Implementation:LMCache LMCache Offload Server Interface
| Knowledge Sources | |
|---|---|
| Domains | KV Cache, Offloading |
| Last Updated | 2026-02-09 00:00 GMT |
Overview
OffloadServerInterface is an abstract base class defining the contract for KV cache offload server implementations.
Description
This interface establishes two abstract methods that all offload server implementations must provide: offload for triggering cache data offload given a set of hashes, slot mappings, and offsets, and close for resource cleanup. The interface is intentionally minimal to allow different transport backends (such as ZMQ or shared memory) to implement the offload logic in their own way. Offloading moves KV cache data from GPU to a secondary storage tier managed by the LMCache engine.
Usage
Use this interface as the base class when implementing a new offload server transport.
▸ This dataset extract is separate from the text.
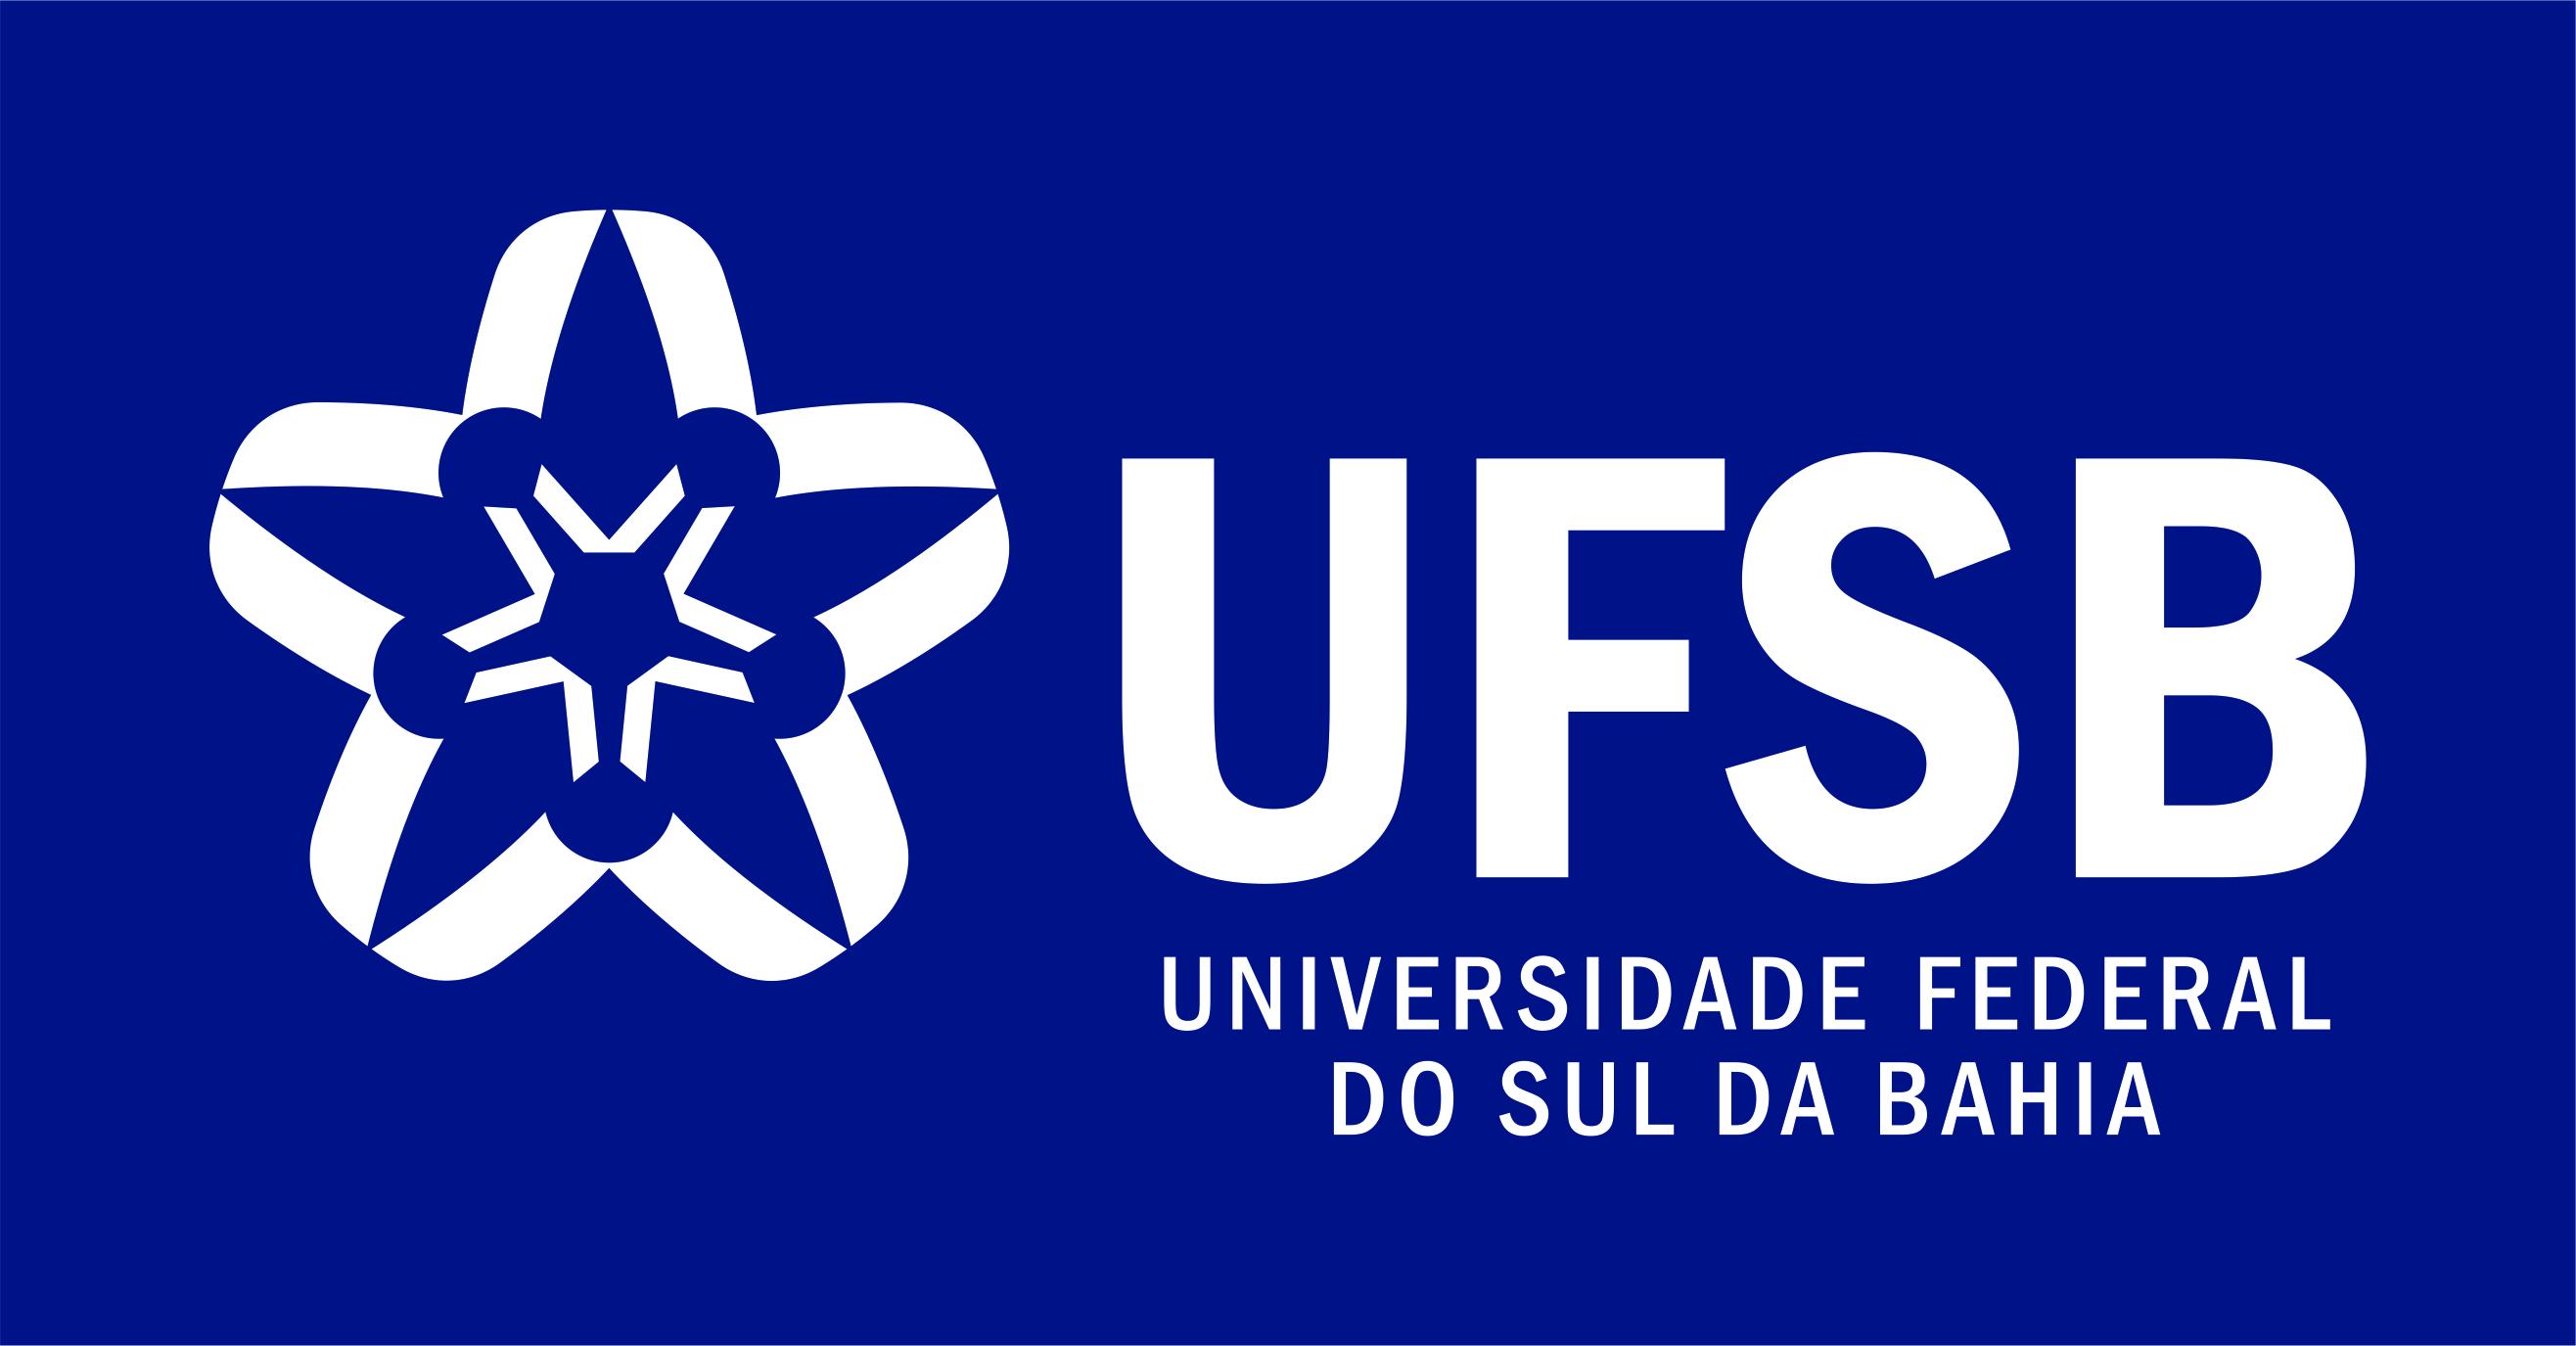 Assinatura Azul UFSB Oficial Horizontal RGB

Consumers should program against this interface to remain decoupled from specific transport implementations.
Code Reference
Source Location
- Repository: LMCache
- File: lmcache/v1/offload_server/abstract_server.py
- Lines: 1-37
Signature
class OffloadServerInterface(metaclass=abc.ABCMeta):
@abc.abstractmethod
def offload(
self,
hashes: List[int],
slot_mapping: List[int],
offsets: List[int],
) -> bool: ...
@abc.abstractmethod
def close(self) -> None: ...
Import
from lmcache.v1.offload_server.abstract_server import OffloadServerInterface
I/O Contract
Inputs
| Name | Type | Required | Description |
|---|---|---|---|
| hashes | List[int] | Yes | The chunk hashes identifying the data to offload |
| slot_mapping | List[int] | Yes | The slot IDs of the data in GPU memory to offload |
| offsets | List[int] | Yes | Number of tokens in each block being offloaded |
Outputs
| Name | Type | Description |
|---|---|---|
| offload result | bool | Whether the offload operation was successful |
Usage Examples
from lmcache.v1.offload_server.abstract_server import OffloadServerInterface
# Implement a custom offload server
class MyOffloadServer(OffloadServerInterface):
def offload(self, hashes, slot_mapping, offsets) -> bool:
# Custom offload logic
return True
def close(self) -> None:
# Clean up resources
pass
server = MyOffloadServer()
success = server.offload(hashes=[123, 456], slot_mapping=[0, 1], offsets=[256, 256])
server.close()